After downloading and uploading the paper PDF to Google Colab, execute the following code:
import glob, os
import torch
from PIL import Image
from colpali_engine.models import ColQwen2, ColQwen2Processor
device = "cuda:0" if torch.cuda.is_available() else "cpu"
print(f"cuda available: {torch.cuda.is_available()}")
model = ColQwen2.from_pretrained(
"vidore/colqwen2-v0.1",
torch_dtype=torch.bfloat16,
device_map=device, # or "mps" if on Apple Silicon
).eval()
processor = ColQwen2Processor.from_pretrained("vidore/colqwen2-v0.1")
# Your inputs
images = [Image.open(filepath) for filepath in glob.glob(os.path.join(output_dir, "*.png"))]
queries = [
"What is the architecture of ColPali?",
"How does it differ from previous studies?",
]
# Process the inputs
batch_images = processor.process_images(images).to(model.device)
batch_queries = processor.process_queries(queries).to(model.device)
# Forward pass
batch_size = 1 # Reduced batch size to 1
image_embeddings = []
for i in range(0, len(images), batch_size):
batch = images[i : i + batch_size]
resized_batch = [img.resize((512, 512)) for img in batch] # Resize before processing
batch_images = processor.process_images(resized_batch).to(model.device)
with torch.no_grad():
embeddings = model(**batch_images)
image_embeddings.extend(embeddings)
with torch.no_grad():
query_embeddings = model(**batch_queries)
image_embeddings = torch.stack(image_embeddings)

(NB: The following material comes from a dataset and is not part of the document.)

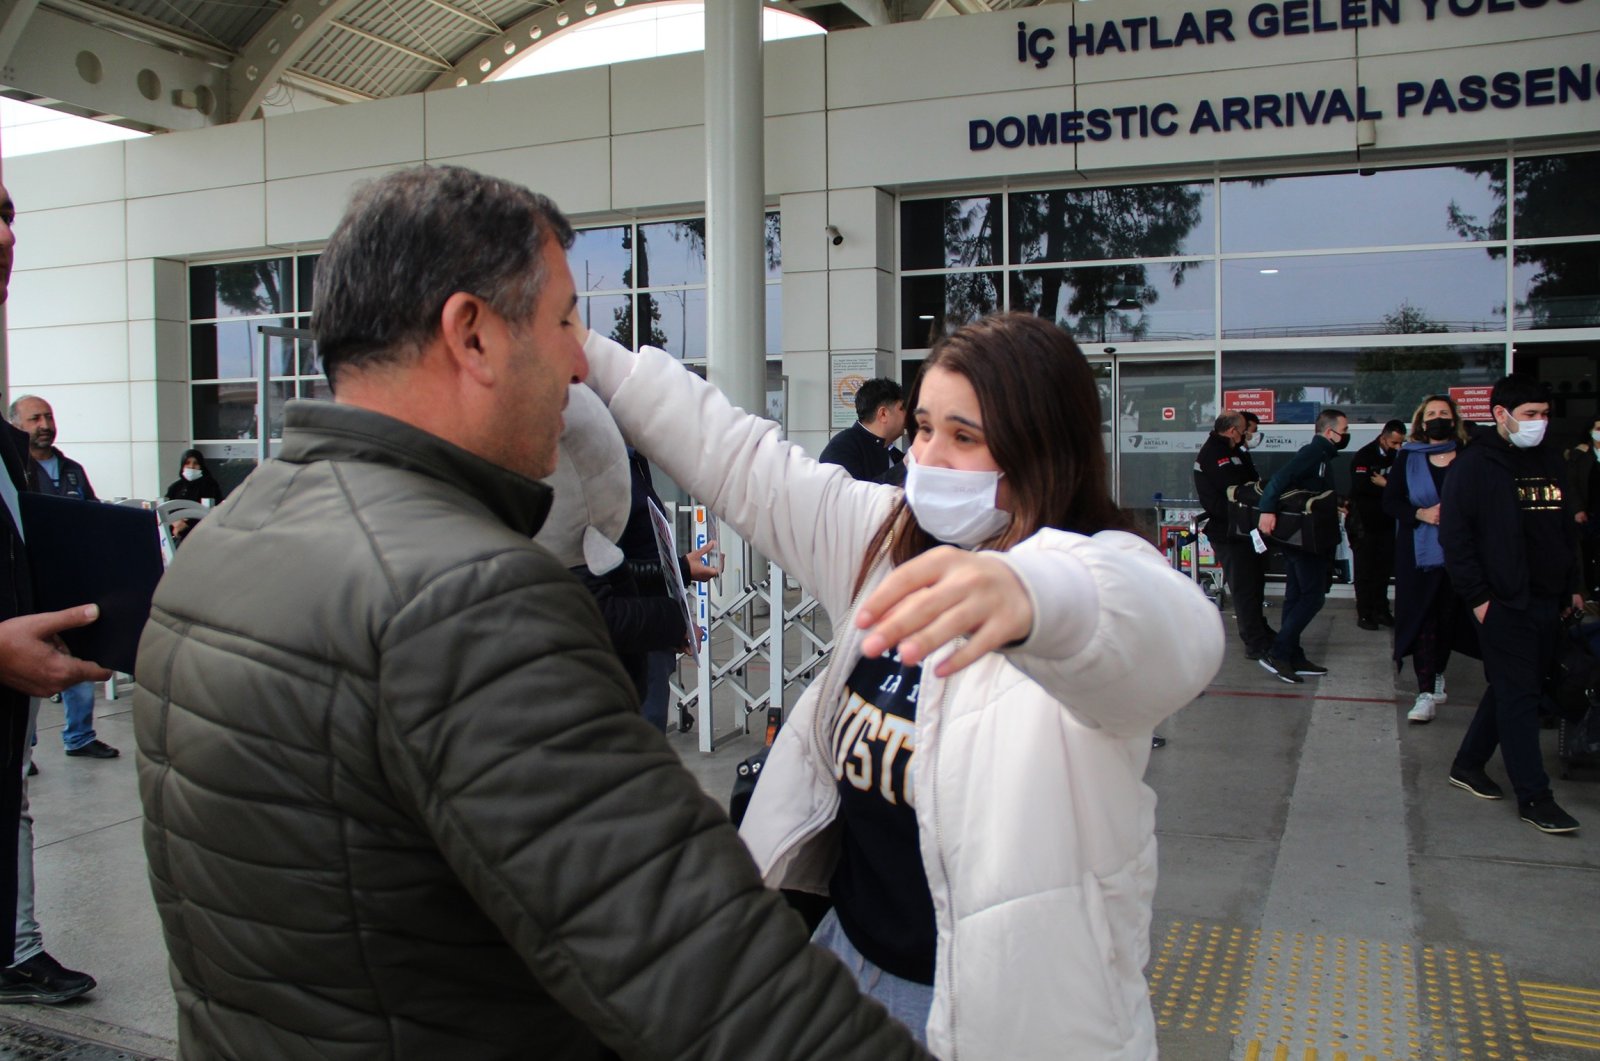 Turkish university student Buse Develi meets with her father in Antalya airport, Turkey, March 7, 2022. (IHA Photo)

scores = processor.score_multi_vector(query_embeddings, image_embeddings)
print(scores)
The scores are returned as a list (matrix):
tensor([[13.2500, 8.4375, 11.3750, 11.1875, 13.8125, 12.0000, 8.3125, 9.0000,
10.4375, 8.7500, 10.4375, 11.6250, 7.8438, 7.4375, 9.9375, 8.0625,
7.5000, 10.9375, 9.7500, 7.8750],
[ 8.3750, 7.5000, 9.6250, 8.3125, 7.5625, 8.1250, 7.9688, 8.4375,
8.5000, 9.0625, 7.7812, 8.3125, 7.5000, 7.9062, 8.6875, 7.9688,
7.9062, 7.9688, 8.7500, 7.5000]])
Visualizing Scores
Let’s visualize the scores:
import matplotlib.pyplot as plt
import seaborn as sns
import pandas as pd
import numpy as np
scores_df = pd.DataFrame(scores.cpu().numpy(), columns=[f'Image {i+1}' for i in range(scores.shape[1])]).T
scores_df.index.name = 'Images'
# Create two separate bar plots side-by-side
plt.figure(figsize=(12, 6))
# First bar plot
plt.subplot(1, 2, 1)
sns.barplot(x=scores_df.index, y=scores_df[0], color="skyblue")
plt.title("Query: " + queries[0])
plt.xticks(rotation=45, ha="right")
plt.ylabel('Score')
# Second bar plot
plt.subplot(1, 2, 2)
sns.barplot(x=scores_df.index, y=scores_df[1], color="lightcoral")
plt.title("Query: " + queries[1])
plt.xticks(rotation=45, ha="right")
plt.ylabel('Score')
plt.tight_layout()
plt.show()
Inspecting the Top Results
Let’s check the top 2 results:
for query, high_idx in zip(queries, highest_score_indices.tolist()):
print(f"{query}: {high_idx}")
# Display the image
image_path = os.path.join(output_dir, f"page_{high_idx+1}.png")
display(Image.open(image_path))
Query 1: What is the architecture of ColPali?
Top 2 results:
1st: Page 5
2nd: Page 1
The Page 5 with the highest relevance includes the word “Architecture.” However, the architecture diagram on page 2 received a lower score.
Query 2: How does it differ from previous studies?
Top 2 results:
1st: Page 3
2nd: Page 10
Page 3 has contents of “Related Work,” but the start of the related work section on page 2 scored lower. Page 10, which includes references, scored higher, as expected.
Conclusion
We tested image search using ColQwen2. Searching entire PDF pages proved challenging; for practical use, extracting figures as standalone images might improve results.
To extract text, images, and tables more effectively from PDFs, consider tools like pymupdf2llm.